The last step (step 17) is the data export. At this point, we collected the full information about web pages with job offers. This was important for several reasons. Very often, the information published on websites ceased to be available after some time, which would have prevented access to historical data. Services change the structure of their portal with varying frequency, making it impossible to develop a single interaction and parsing pattern for all sites. By using interaction patterns in the application, we can easily make changes as well as save the behavioural patterns for historical data. Portals are characterised by different methods of accessibility. There are technical issues and many other situations that also may prevent access to content. By using an iterative data processing algorithm, the system retrieves as much data as possible at each iteration, and repeats iterations until a complete data set is obtained.

To prepare gathered information for analysis, we applied a parsing process to the data. The data stored in the standard HTML format were converted into plain text. Parsing removes such information as font size, colour, and other formatting tags unrelated to the intended job data. After this step, we could proceed to the analysis.

3.3 Cleaning and extraction of relevant information

After the data has been collected and stored in HTML format (each file representing one job offer), it needs to be processed. Raw data cannot be analysed, so we extract the following information:

  • The name of the online job board that contains the job offer.

  • Original link to the job offer.

  • Title of the job offer.

  • Location (NUTS region).

  • Date of publication.

  • Type of employment contract.

  • Position level.

  • Offered remuneration.

  • Job type (full- or part-time).

  • Additional job benefits.

  • Full content of the job offer.

During the text extraction, it was found that some Polish letters may be incorrectly encoded. Due to situations such as this, it is crucial to control the encoding process. While analysing remuneration in job offers, it is important to convert any hourly wages to monthly wages, as monthly wages are mostly used in Poland.

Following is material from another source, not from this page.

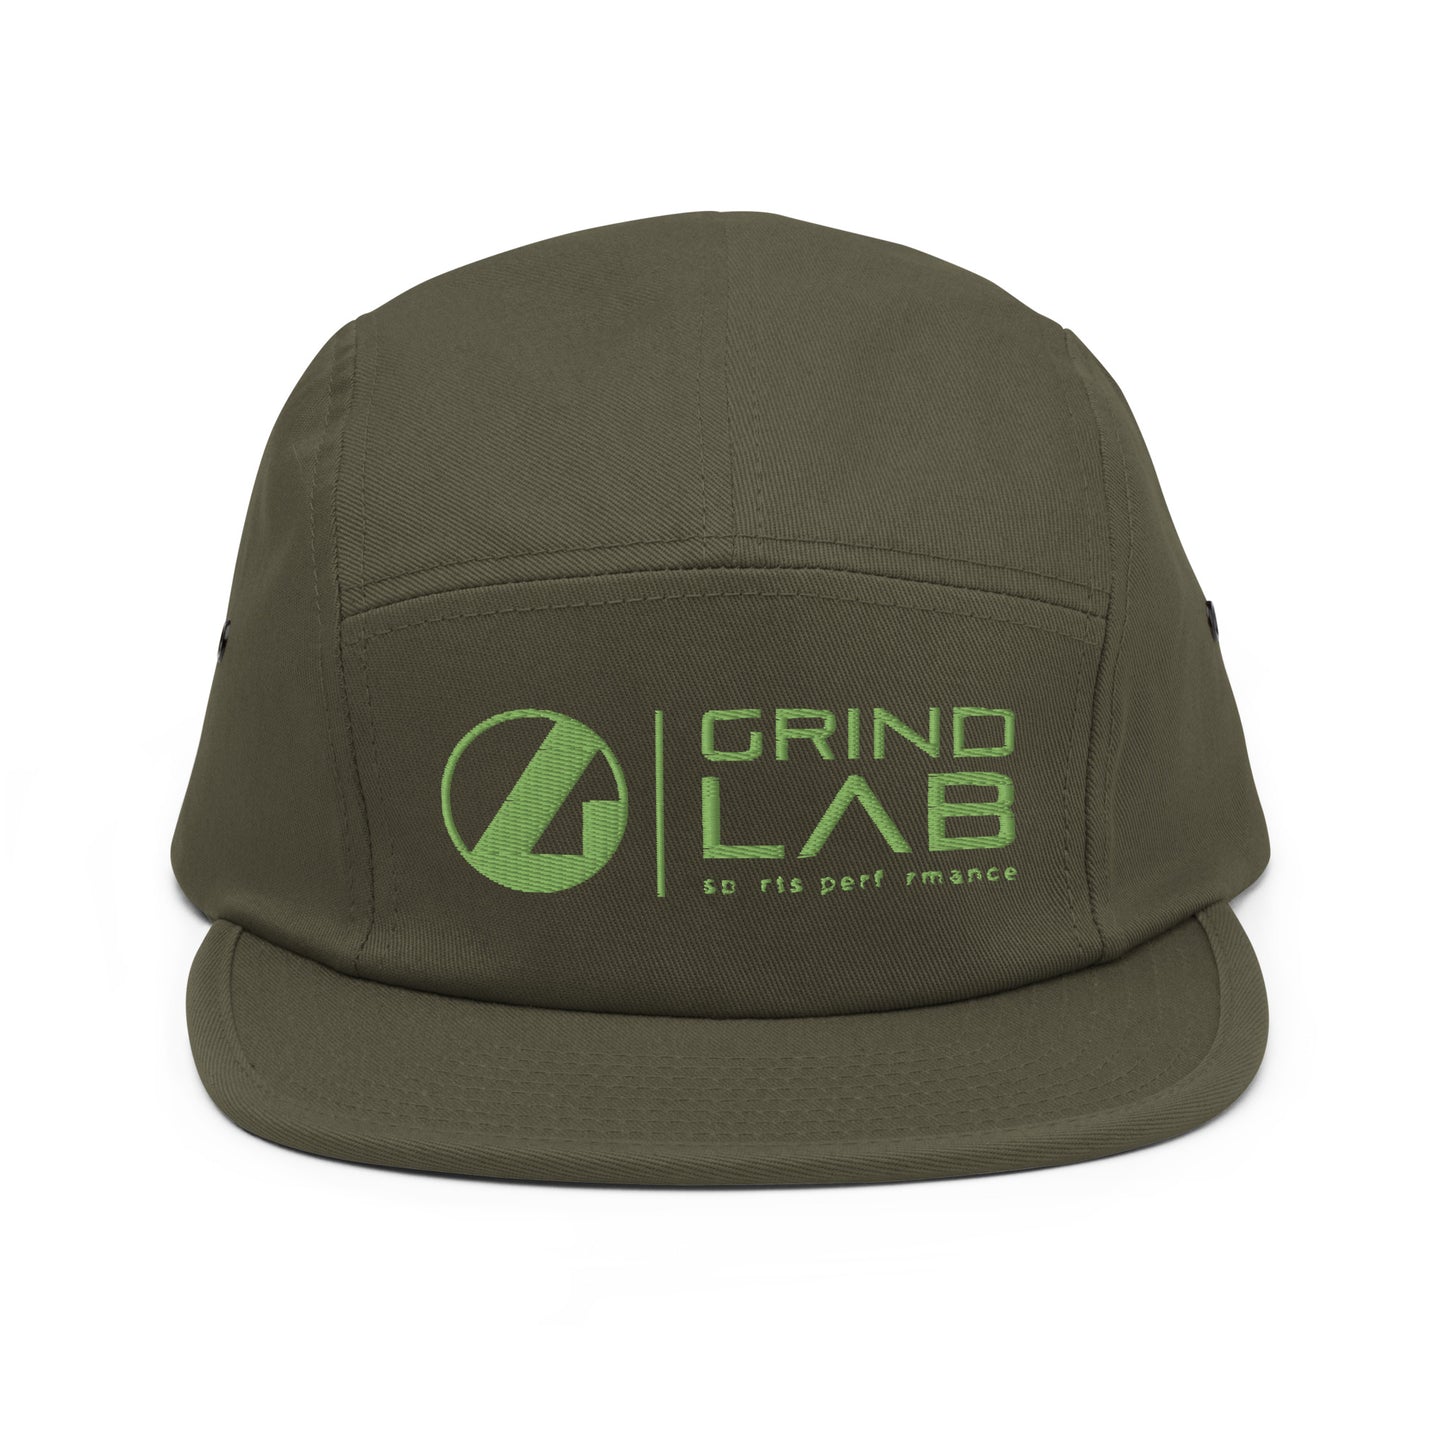 Grind Lab 5 Panel LOGO Hat

The currency type also must be checked for consistency. Websites may use various formats of publication and expiration dates. To aggregate job offers by date, a common format must be decided upon for conversion (such as YYYY-MM-DD). Since job offers were collected in Polish and English, the data needed to be written in one common format. Examples include voivodeship names and decimal numbers, which in Polish are written with a ‘,’ separator and in English with a ‘.’ separator. Other information can be extracted from the job offer text using dedicated natural language processing techniques.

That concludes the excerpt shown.